Take the entries that follow and return exactly the lines from the one holding "Anzeichen von Vögeln, die" through the one holding "Мужские перчатки кожаные", both included. Nothing else is needed.

*** DATA FOR THIS TASK Section Begins ***

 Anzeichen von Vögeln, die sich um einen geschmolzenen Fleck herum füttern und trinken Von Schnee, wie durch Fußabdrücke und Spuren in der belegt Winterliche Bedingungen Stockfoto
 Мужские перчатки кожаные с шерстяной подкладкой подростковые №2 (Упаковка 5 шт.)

*** DATA FOR THIS TASK Section Ends ***
*** DATA FOR THIS TASK Section Begins ***

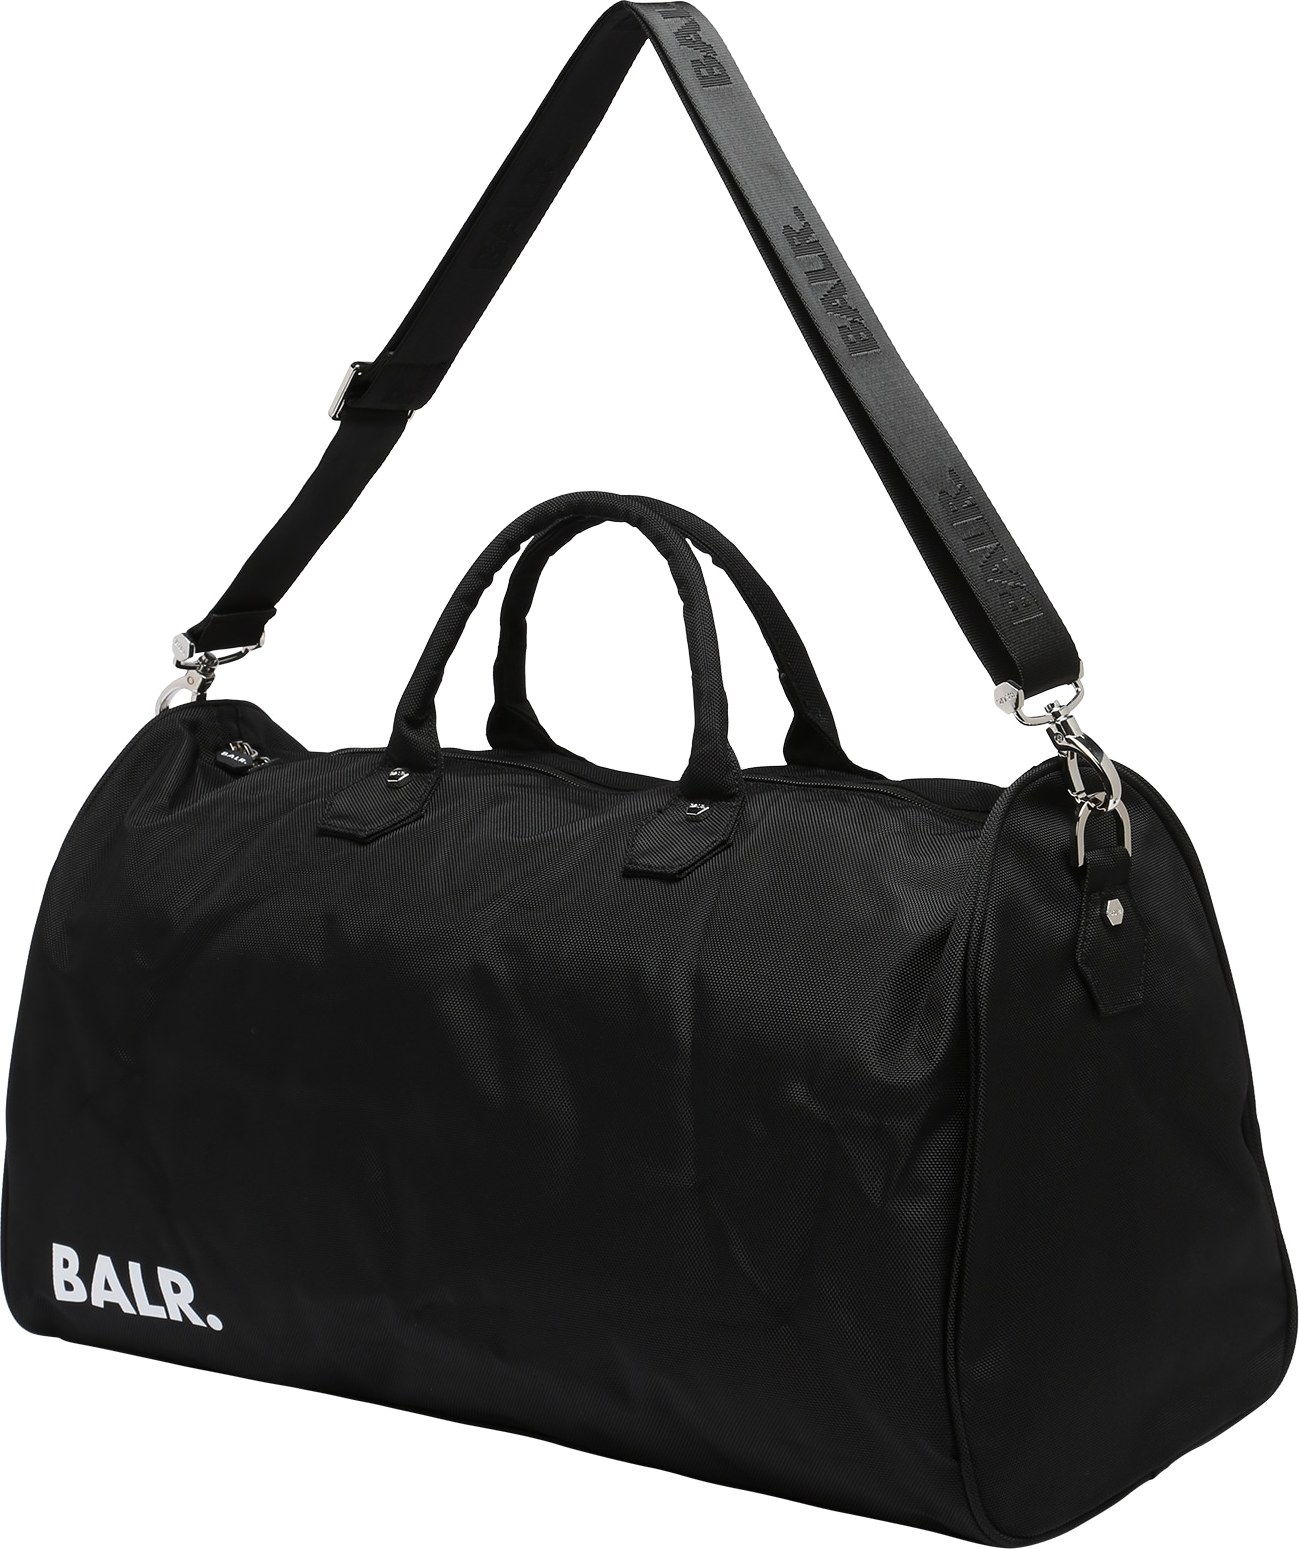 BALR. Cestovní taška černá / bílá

*** DATA FOR THIS TASK Section Ends ***
*** DATA FOR THIS TASK Section Begins ***

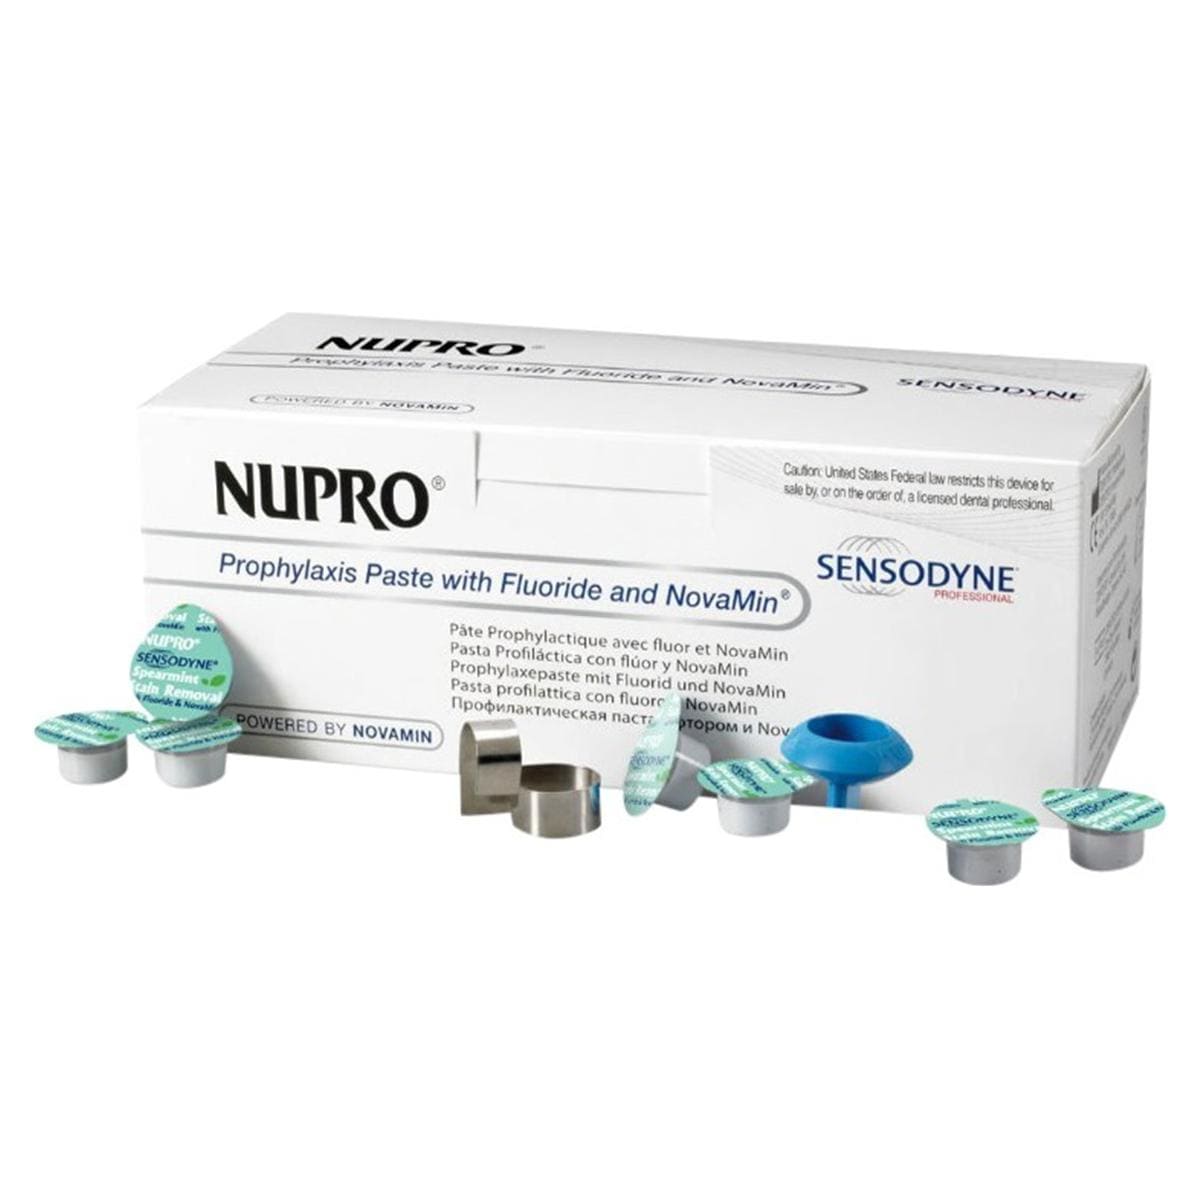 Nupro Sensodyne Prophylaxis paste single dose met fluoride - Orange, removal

*** DATA FOR THIS TASK Section Ends ***

■ **TASK OUTPUT**
 Anzeichen von Vögeln, die sich um einen geschmolzenen Fleck herum füttern und trinken Von Schnee, wie durch Fußabdrücke und Spuren in der belegt Winterliche Bedingungen Stockfoto
 Мужские перчатки кожаные с шерстяной подкладкой подростковые №2 (Упаковка 5 шт.)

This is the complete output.